**TASK REQUIREMENTS:** Setting aside any pictures, reproduce the data exactly.

**GIVEN DATA:**

------------

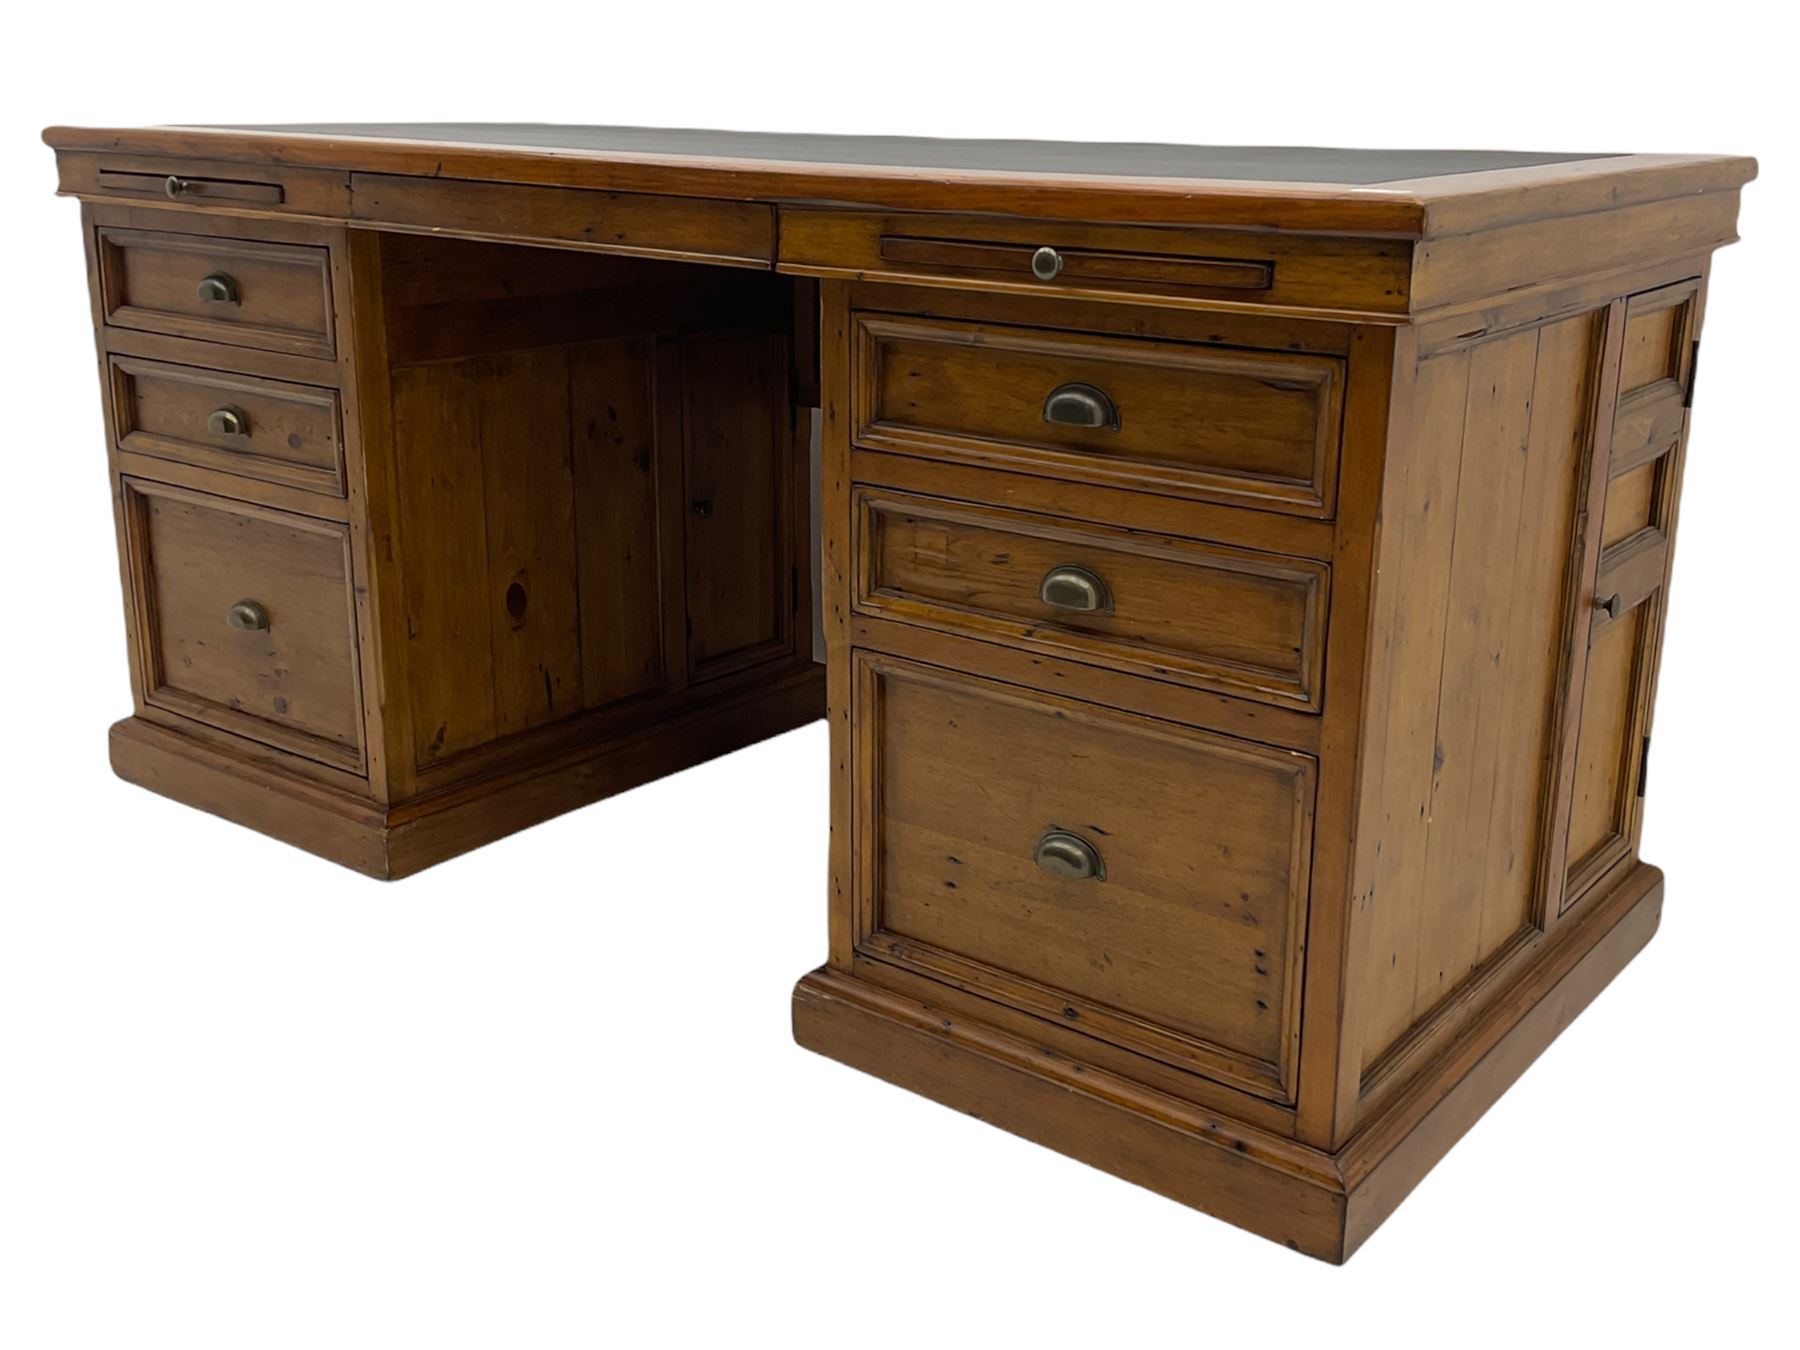 Barker & Stonehouse - Villiers reclaimed eastern pine twin pedestal desk - Image 3 of 8
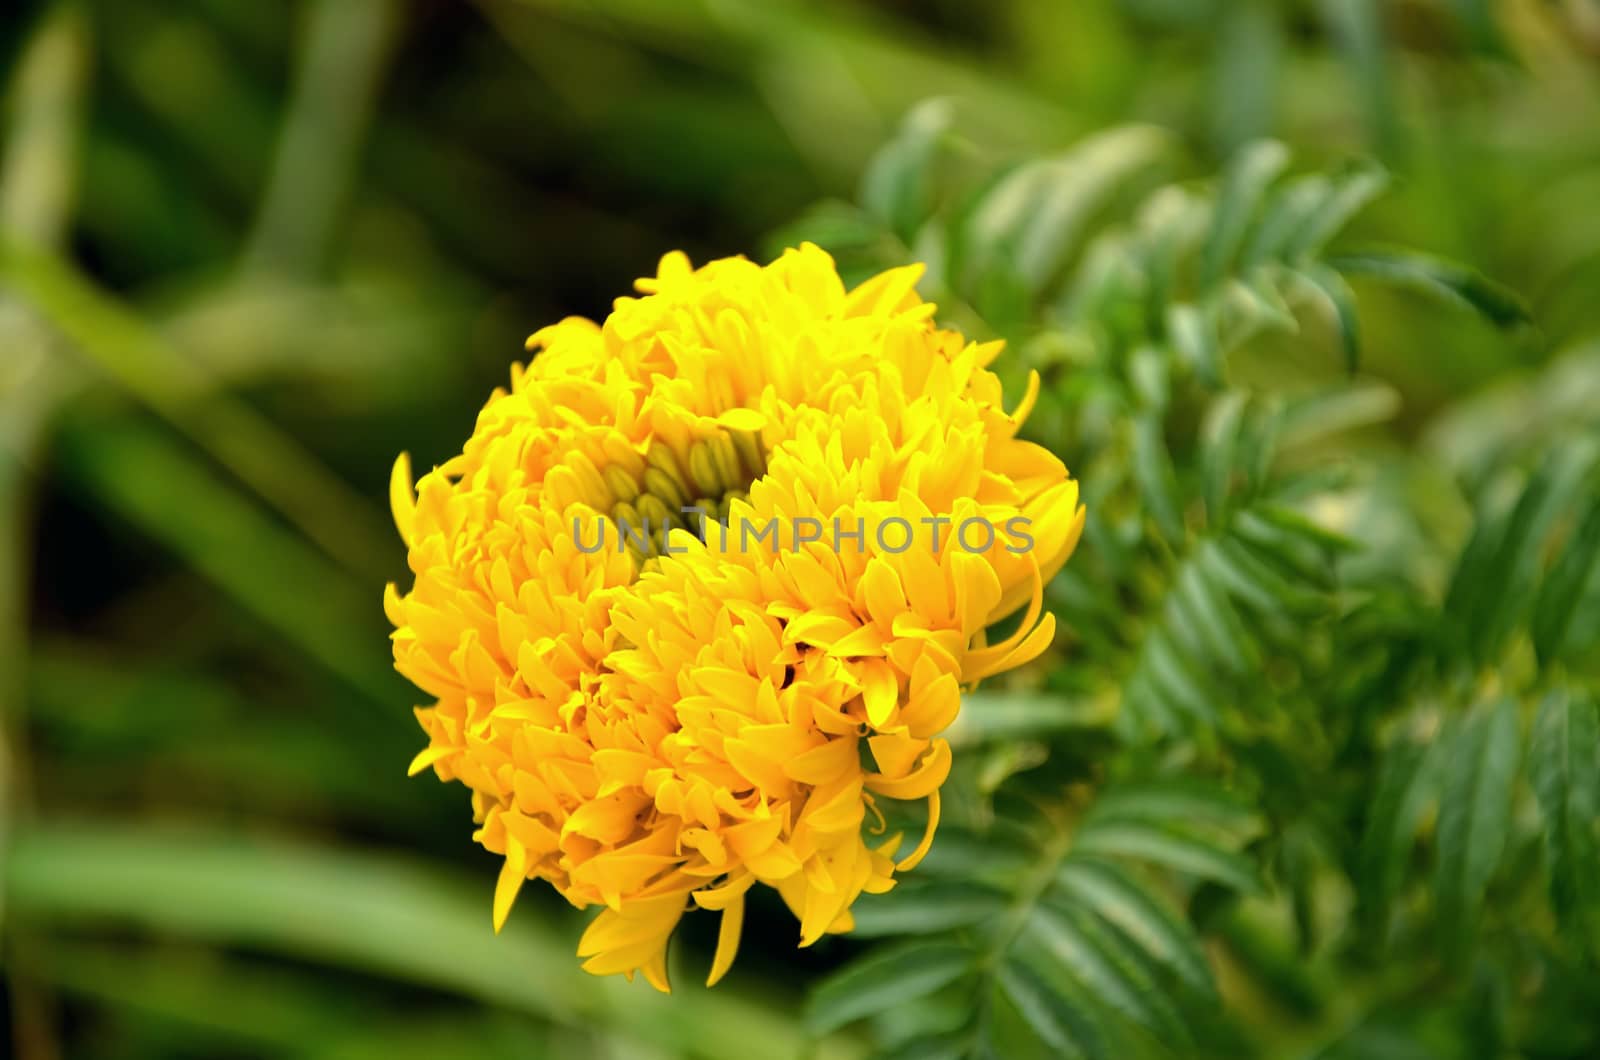 a beautifu marigold flower
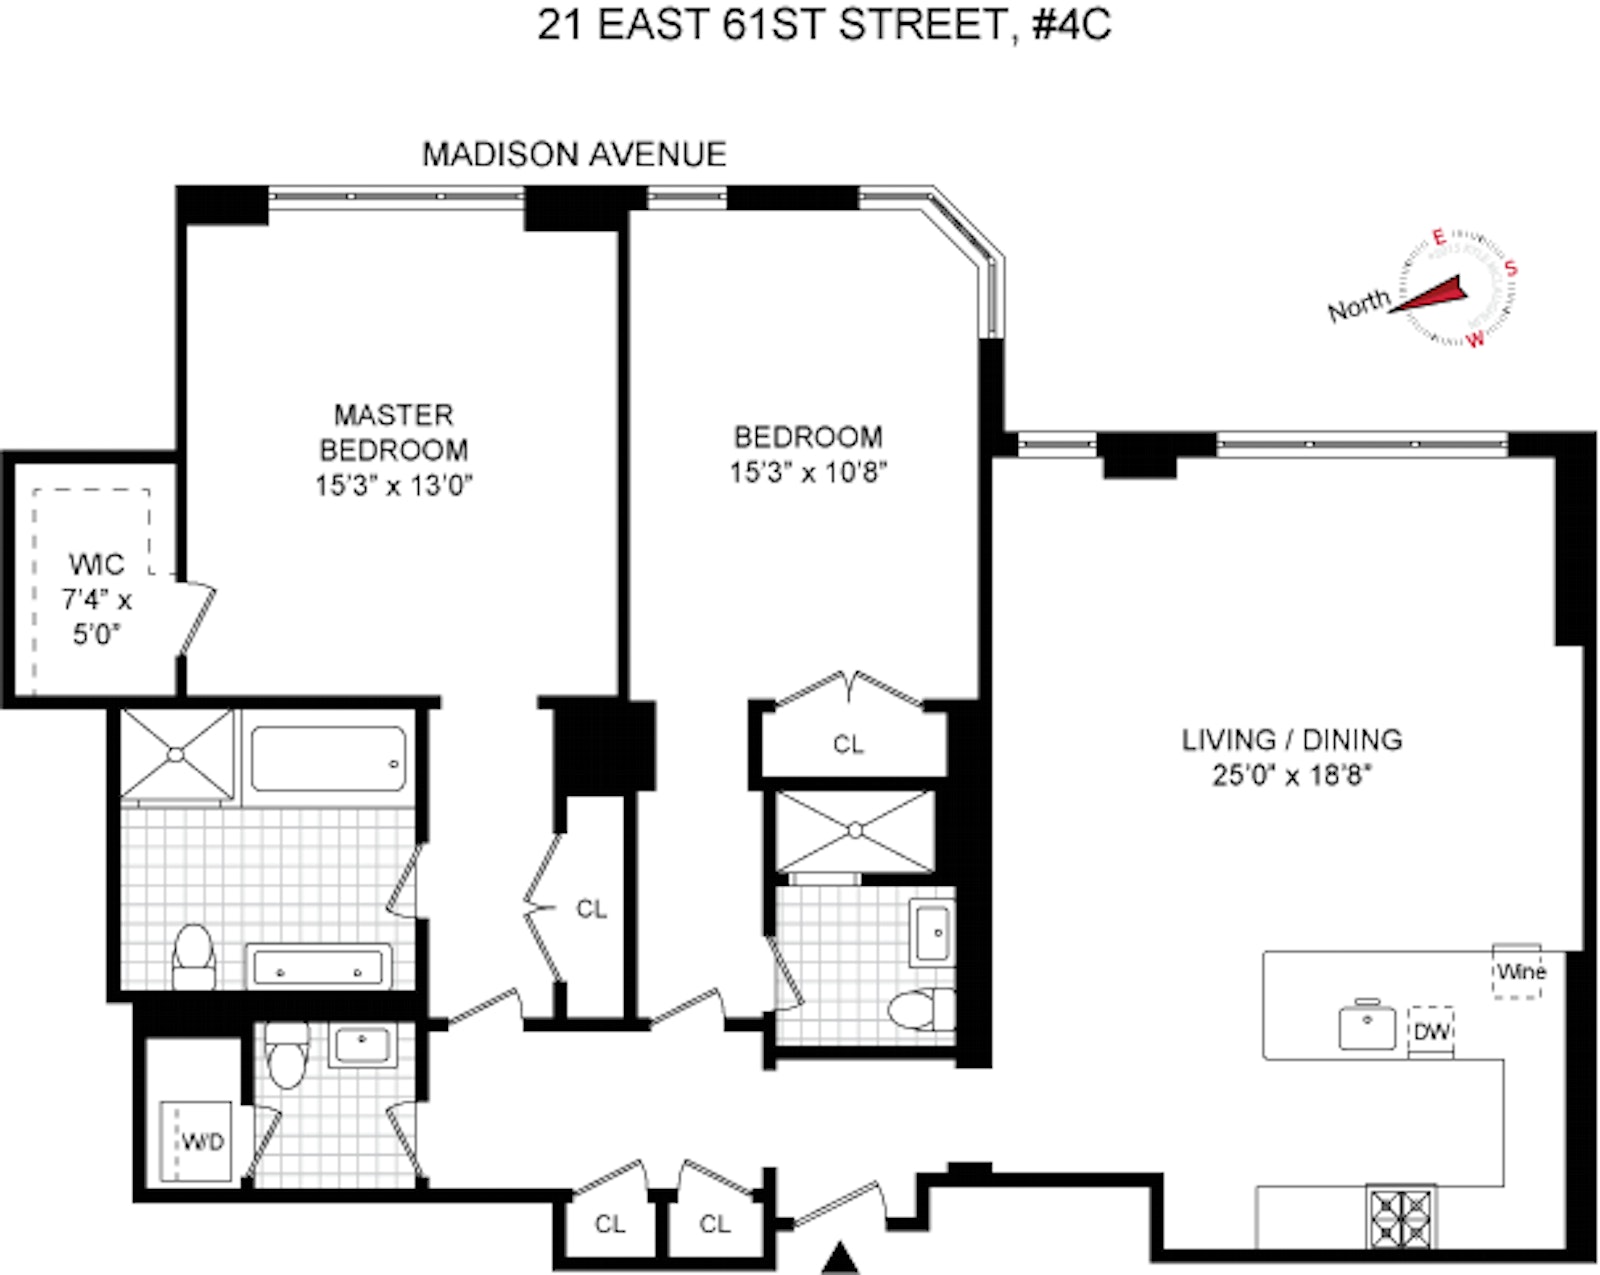 Floorplan for 21 East 61st Street, 4C
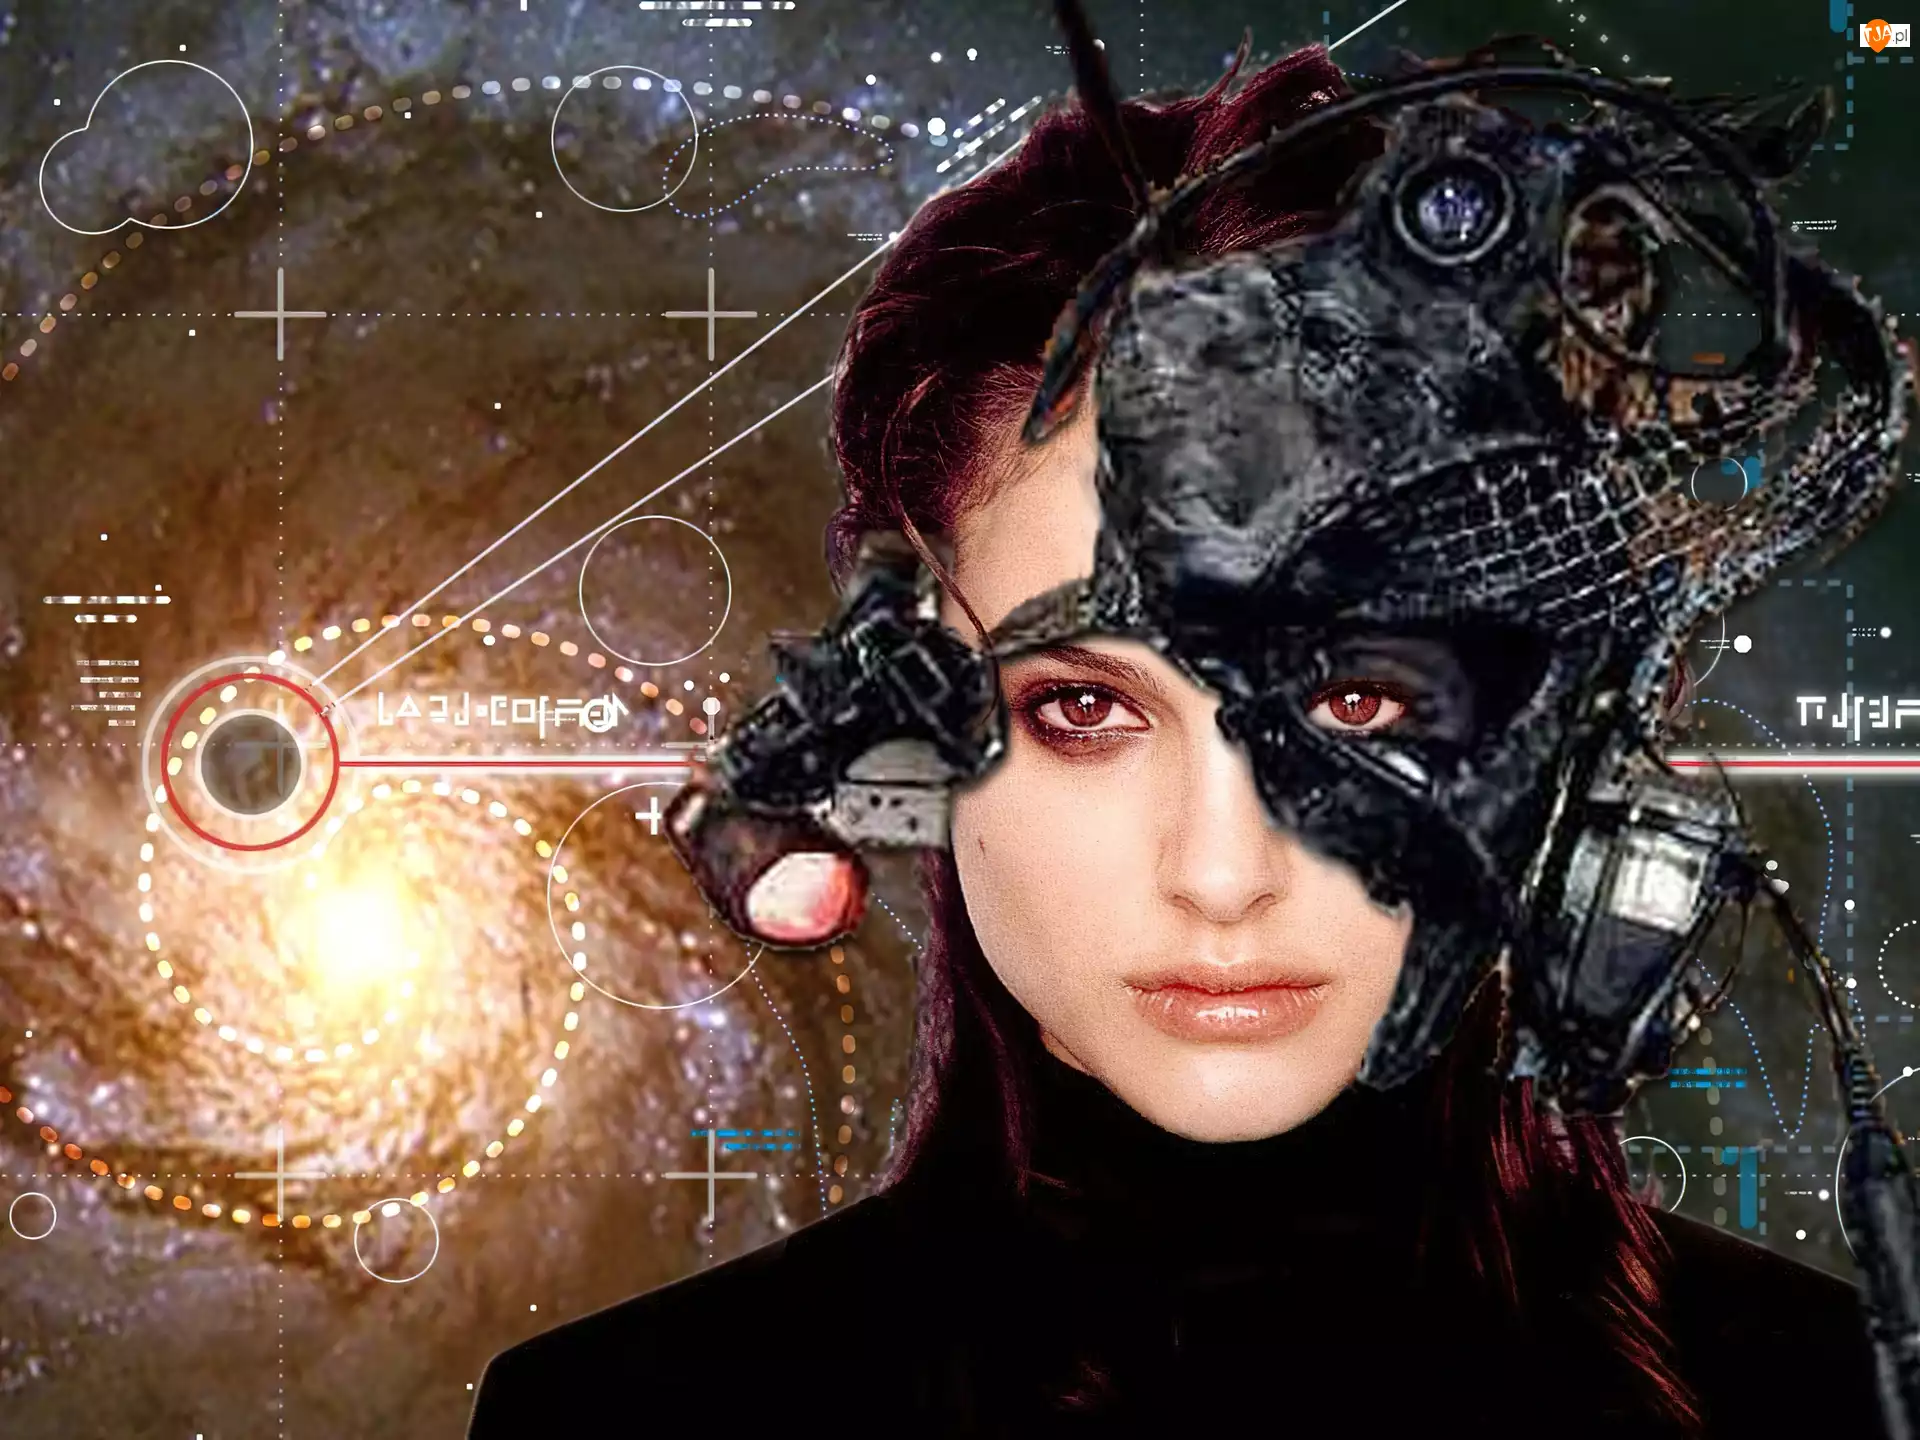 Natalie Portman, cyborg

------------

**RESPONSE TO THE EXERCISE:**
 Barker & Stonehouse - Villiers reclaimed eastern pine twin pedestal desk - Image 3 of 8
 a beautifu marigold flower
 Floorplan for 21 East 61st Street, 4C
 Natalie Portman, cyborg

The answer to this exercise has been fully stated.